Otago Witness, 28 July 1877, Page 11
July 24 — Taranaki, ship, White, from Glasgow, May 2nd. Russell, Ritchie, and Co., agents.
Passengers : Second cabin — Mr and Mrs Ninnon and 7 children, Mr and Mrs McCormick and 3 children, Mr and Mrs Dykes and 5 children. Mr and Mrs Lancaster and 8 children ; Misses Armour (4), Wilson, Ihomson ; Messrs Ross, Taylor, Henderson, Armour.

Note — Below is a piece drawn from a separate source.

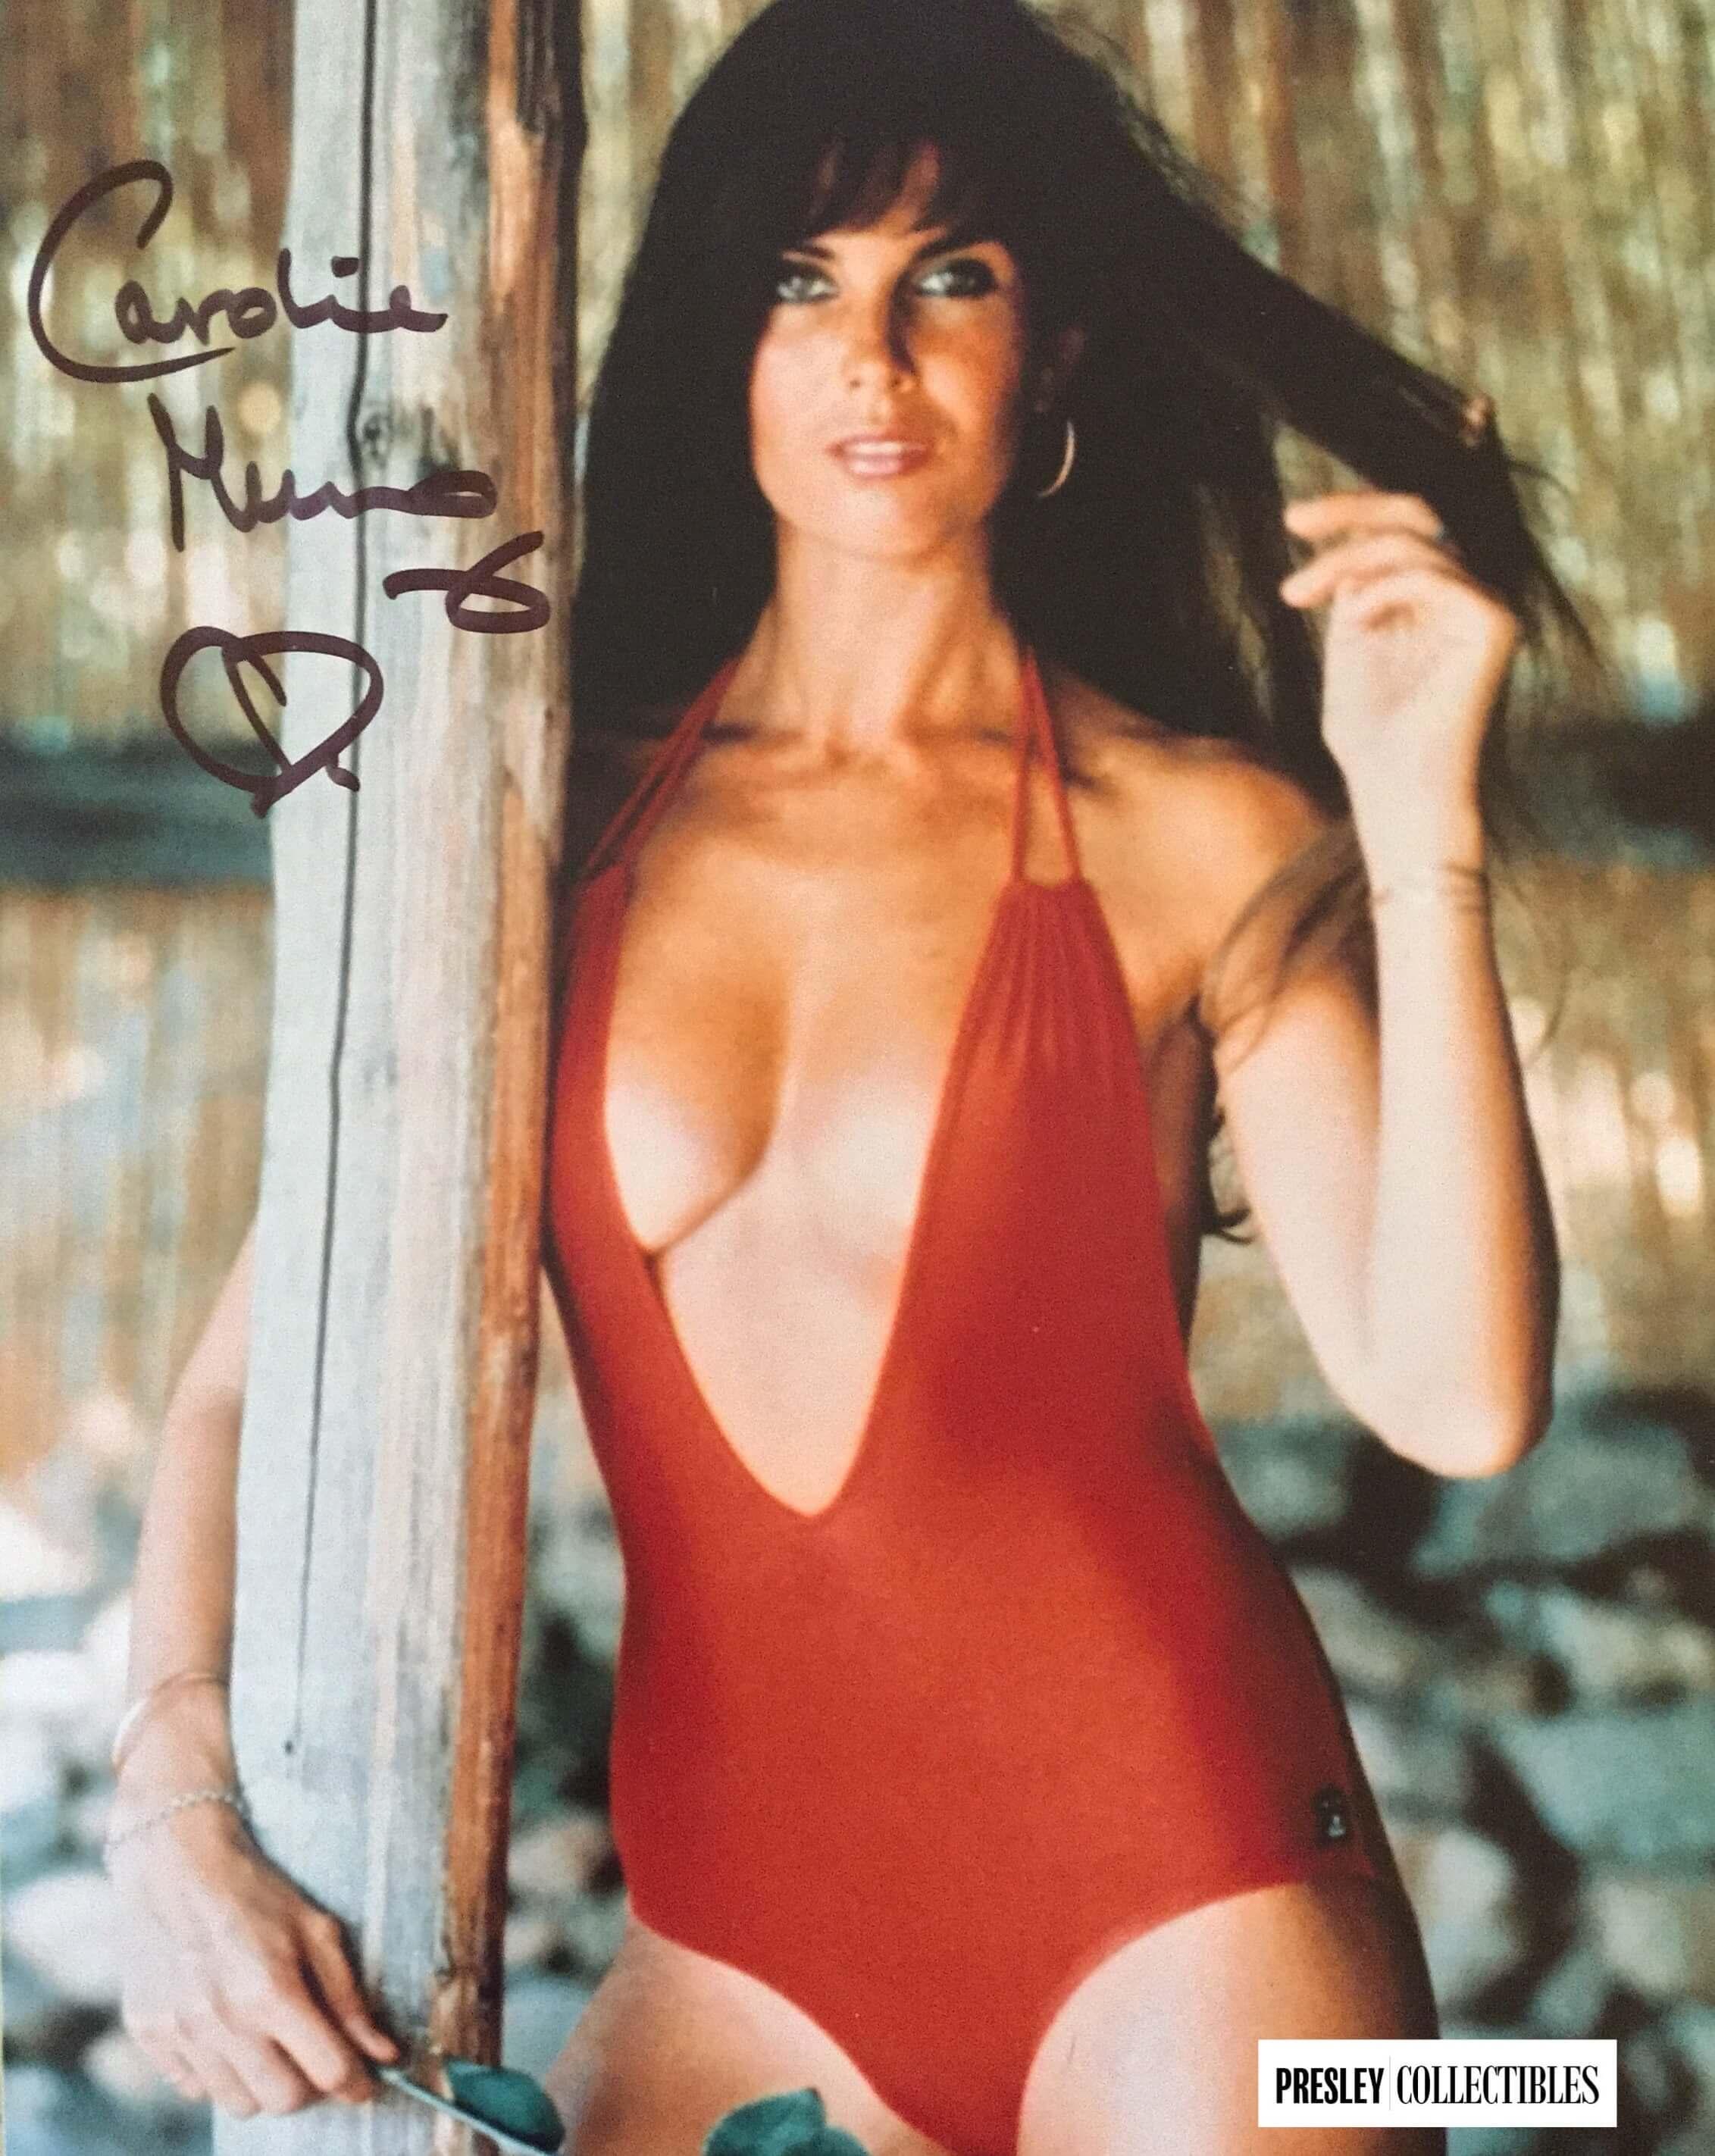 Caroline Munro (born 1949)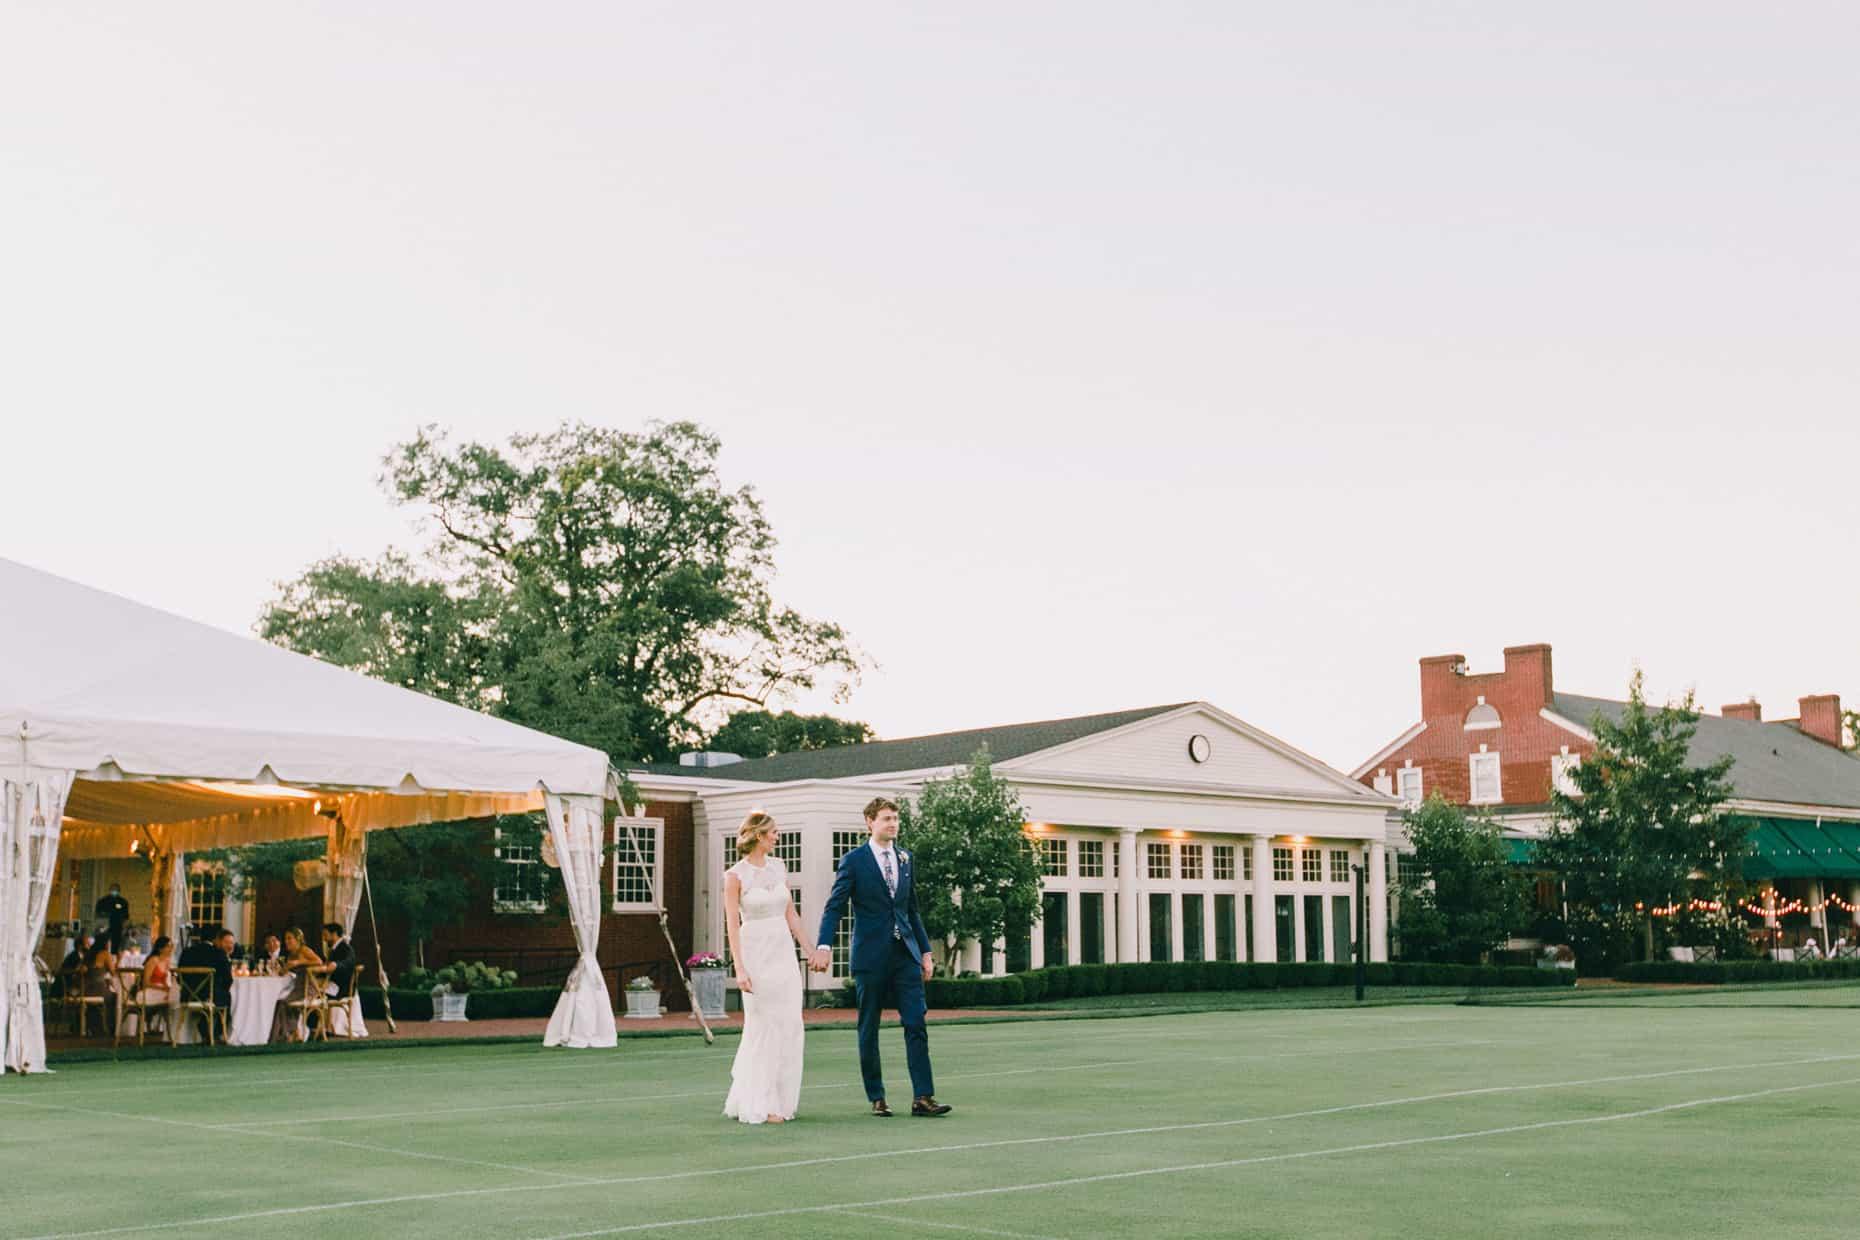 Philadelphia Cricket Club Wedding Reception

ARRIVAL OF THE TARANAKI. As we surmised, so the ship that was towed into Port during Monday night proved to be the Albion Company's new ship Taranaki from Glasgow. She reached the anchorage an hour after midnight, and was moored pro tem, off Carey's Bay. The Taranaki is a worthy compeer of the other fine vessels comprising the Company's fleet, and is full sister to that beautiful ship the Marlborough, which, if not for size, yet in general appearance, symmetry, and moulding, may almost take precedence of the others. The Taranaki is her exact counterpart. They were built in the same yard— Messrs Duncan and Co., Port Glasgow—and if they were lying side by aide in the same condition of paint, it would be almost impossible to distinguish one from the other. The Taranaki is 1126 tons register, and her dimensions are — length, 228 ft; beam 35ft; depth of hold, 21ft. Her commander, Captain White, speaks highly of her. She is a first-rate sea boat, and travels well, as may be inferred from the fact of her having run 4723 knots in 19 days, whilst making her easting south, her best days work being 312 knots, and her worst 162. She thus averaged 248 miles and a fraction per diem, equal to a little over 10 knots per hour. The ship's made passage is decidedly a good one, the time being 82 days from port to port and 78 from land to land. She was not particularly favoured by winds, having: bad light head winds and calms for some days after leaving the land, and very poor Trades. In fact, the south east Trade was non est, whilst the northern Trade extended over nearly 13 parallels of latitude. Hence her builders and all concerned in her may be satisfied with her capabilities.